The Security and Privacy Module describes how to protect a FHIR server (through access control and authorization), how to document what permissions a user has granted (consent), and how to keep records about what events have been performed (audit logging and provenance). FHIR does not mandate a single technical approach to security and privacy; rather, the specification provides a set of building blocks that can be applied to create secure, private systems.
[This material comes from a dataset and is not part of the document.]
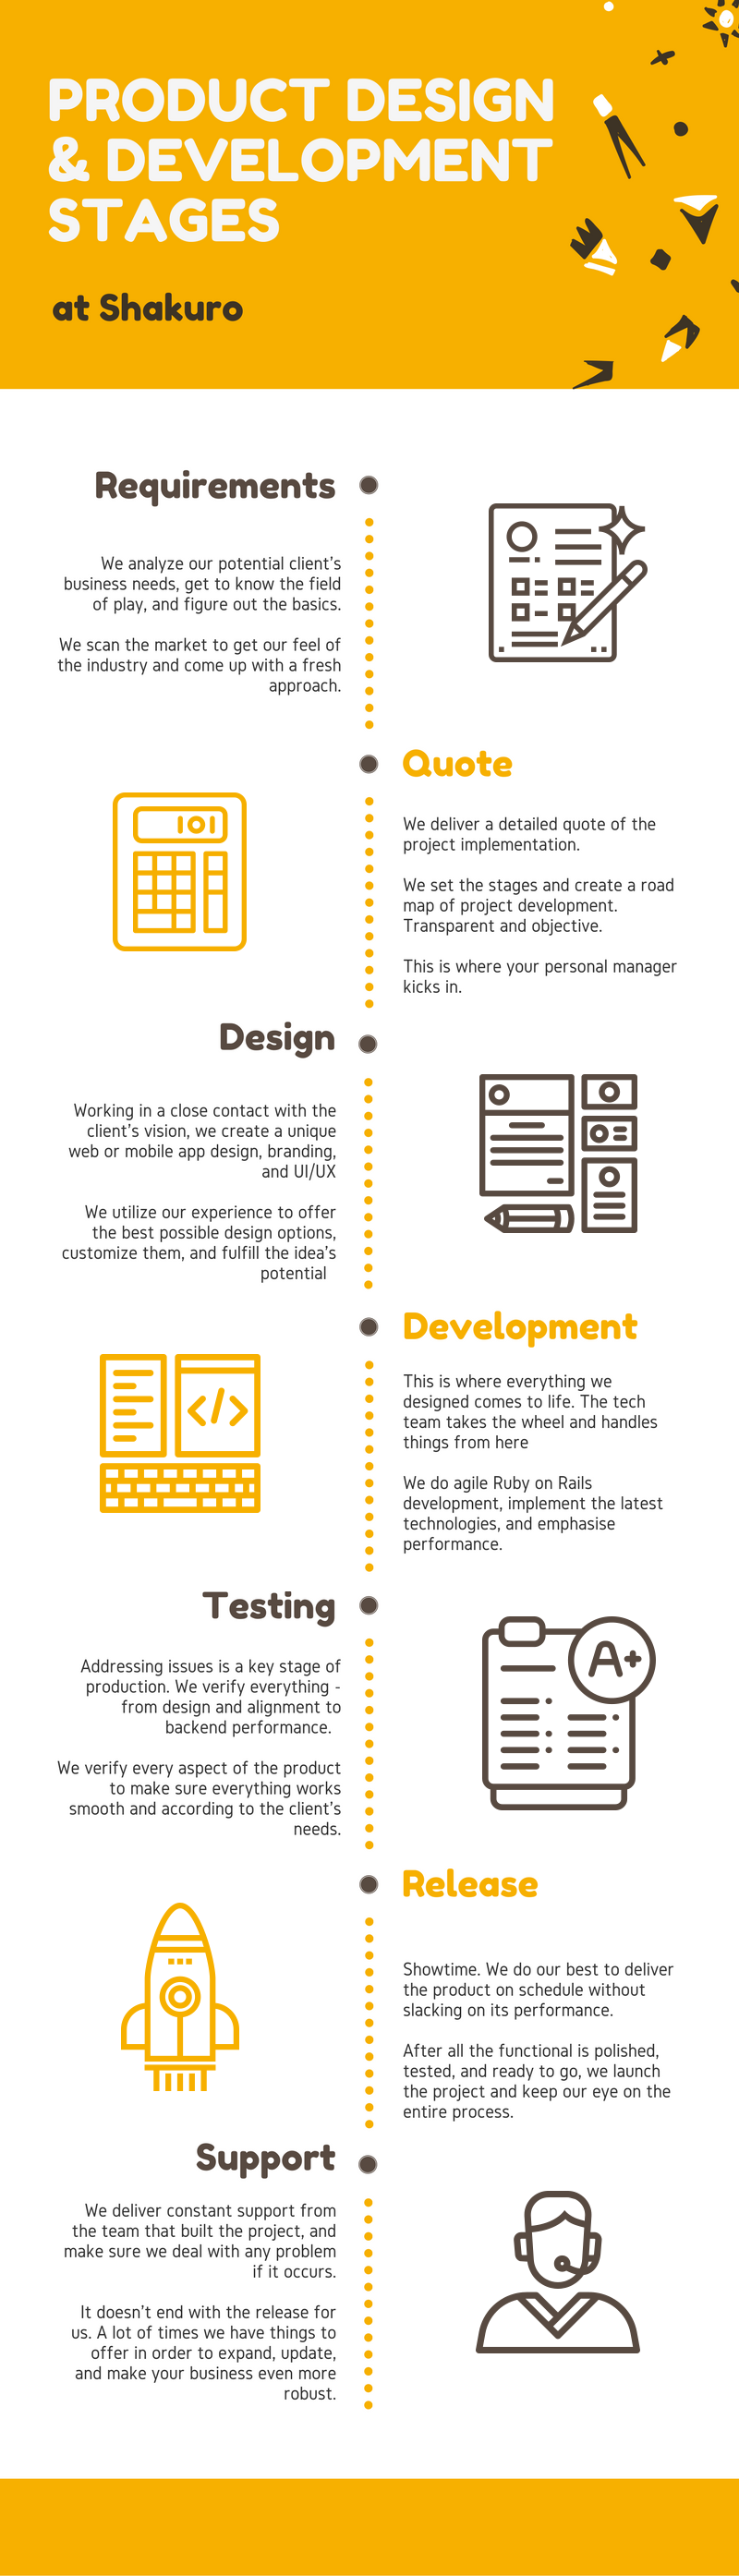 Shakuro workflow infographic

The Security and Privacy module includes the following materials:

Resources Datatypes Implementation Guidance and Principles

FHIR is focused on the data access methods and encoding leveraging existing Security solutions. Security in FHIR needs to focus on the set of considerations required to ensure that data can be discovered, accessed, or altered only in accordance with expectations and policies. Implementation should leverage existing security standards and implementations to ensure that:

  • All communications can be encrypted to prevent unauthorized access.
  • No information leaks when errors occur
  • No active script content can be injected into narrative resources
  • Full audit trails can be constructed and used to detect anomalous access patterns

For general security considerations and principles, see Security. Please leverage mature Security Frameworks cover device security, cloud security, big-data security, service-to-service security, etc. See NIST Mobile Device Security and OWASP Mobile Secuity . These security frameworks include prioritized lists of most important concerns.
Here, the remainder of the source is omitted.